This repository implements a kernel‐based method for safely learning the dynamics of controlled stochastic systems. By iteratively expanding an initial safe control set and leveraging kernel-based confidence bounds, the approach ensures that each selected control generates trajectories within predefined safety boundaries. This allows the system to operate safely, even under uncertainty, while accurately estimating its dynamics. This method is particularly relevant to safety-critical scenarios, including autonomous robotics and biomedical contexts, where ensuring safety during learning is crucial.
The repository includes implementations for:
- Simulating trajectories.
- Safely generating candidate control functions.
- Kernel-based estimation of dynamical systems.
- Visualization of simulation results and safety performance metrics.
The repository is organized into several key components.
-
1D Systems: Simulate one-dimensional second-order systems driven by sinusoidal control functions. Generate multiple control functions with randomly selected frequency factors, simulate trajectories using Euler–Maruyama integration, and visualize control functions, positions, and velocities.
-
2D Systems: Simulate two-dimensional second-order systems under various control functions.
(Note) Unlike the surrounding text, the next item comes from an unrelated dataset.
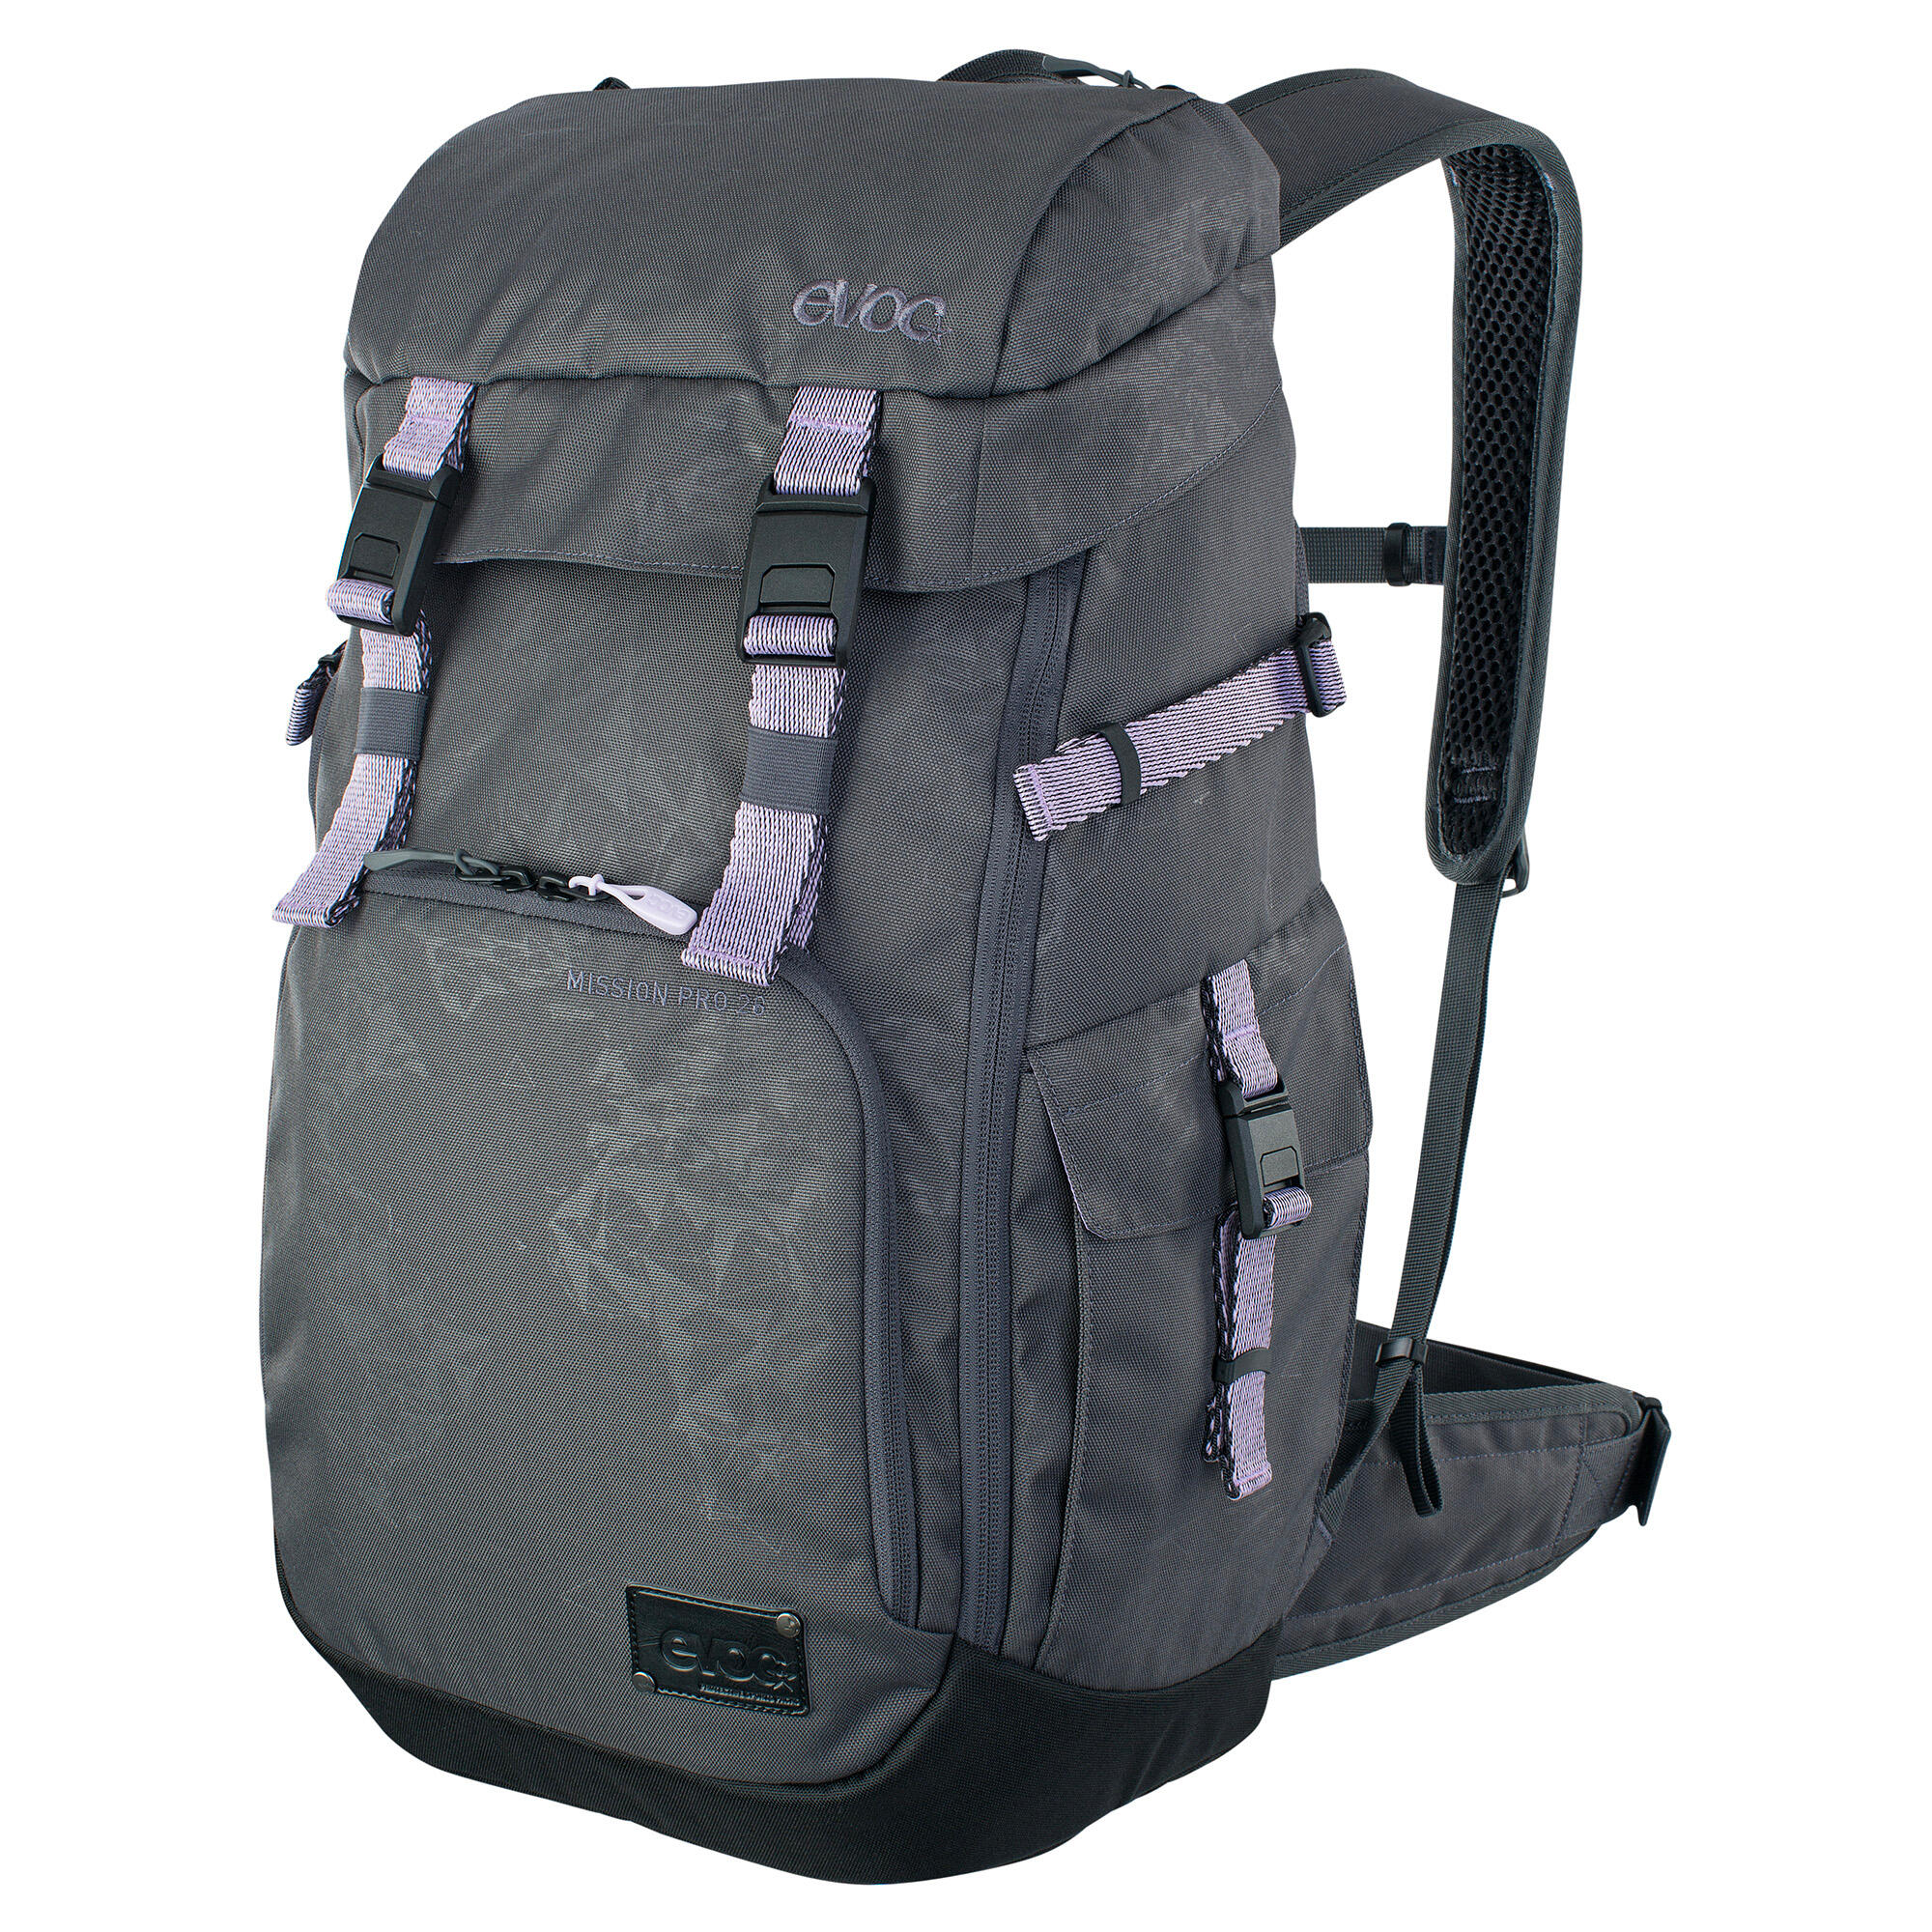 EVOC Mission Pro Backpack 6/7

Aggregate the resulting trajectories into cumulative plots that capture the system's overall behavior.
- SafeSDE Model: A kernel-based estimator (using a Gaussian/RBF kernel by default) that safely estimates the probability density of controlled stochastic systems.
- Safe Learning Script: Run safe learning experiments using the SafeSDE model by:
- Sampling safe candidate controls.
- Simulating system trajectories.
- Updating the SafeSDE model.
- Computing performance metrics such as safety/reset probabilities and information gain.
- Saving results (metrics, model snapshots, and simulation paths) for further analysis.
- Simulation Utilities (
utils/data.py):
Functions for SDE simulation (Euler–Maruyama method), control function generation (including sinusoidal and candidate-based controls), and plotting (1D and 2D trajectories, control evolution, and turbulence heatmaps). - Additional Utilities (
utils/utils.py):
Functions for candidate control sampling (both local and grid-based), pairwise evaluations, and plotting histograms of observed safety/reset probabilities.
├── README.md
├── requirements.txt
├── LICENSE
├── tests/
├── paths_plot.png
├── methods/
│ └── safe_sde_estimation.py
├── utils/
│ ├── data.py
│ └── utils.py
└── examples/
├── example_1d/
├── example_1d.py
└── example_2d/
├── 2d_second_order_plot_trajectories.py
├── 2d_second_order_run.py
└── plots/
- Python 3.7 or later
Python Packages:
- numpy
- matplotlib
- seaborn
- pandas
- scipy
- scikit-learn
- argparse
- tqdm
To install:
- Clone the repository.
git clone https://github.com/lmotte/dynamics-safe-learn.git
- Install the required dependencies (Python 3.x required).
pip install -r requirements.txt
1. Trajectory Simulation and Plotting
- 1D Simulation and Plotting: Run the script to simulate 1D second-order systems with sinusoidal control functions and
generate corresponding plots:
python example_1d.py
- 2D True Trajectories: Aggregate and visualize trajectories from multiple control policies:
python 2d_second_order_plot_trajectories.py
2. Safe Learning Experiments
Run safe learning experiments using the SafeSDE model by specifying command-line parameters for the kernel function, safety thresholds, and regularization:
python 2d_second_order_run.py --kernel_func 2.0 --betas 0.1 --lam 1e-6This script will:
- Safely sample candidate control policies.
- Update the SafeSDE model based on simulated trajectories.
- Compute and save performance metrics along with model snapshots and paths data.
3. Visualization
Example plots are provided in the plot folders. You can use the plotting utilities in utils/data.py and utils/utils.py to generate additional visualizations (e.g., turbulence heatmaps, control evolution, histograms of safety metrics).
Contributions are welcome. If you have ideas for improvements or new features, please fork the repository and submit a pull request. For major changes, consider opening an issue first to discuss your proposed modifications.
This project is licensed under the MIT License - see the LICENSE file for details.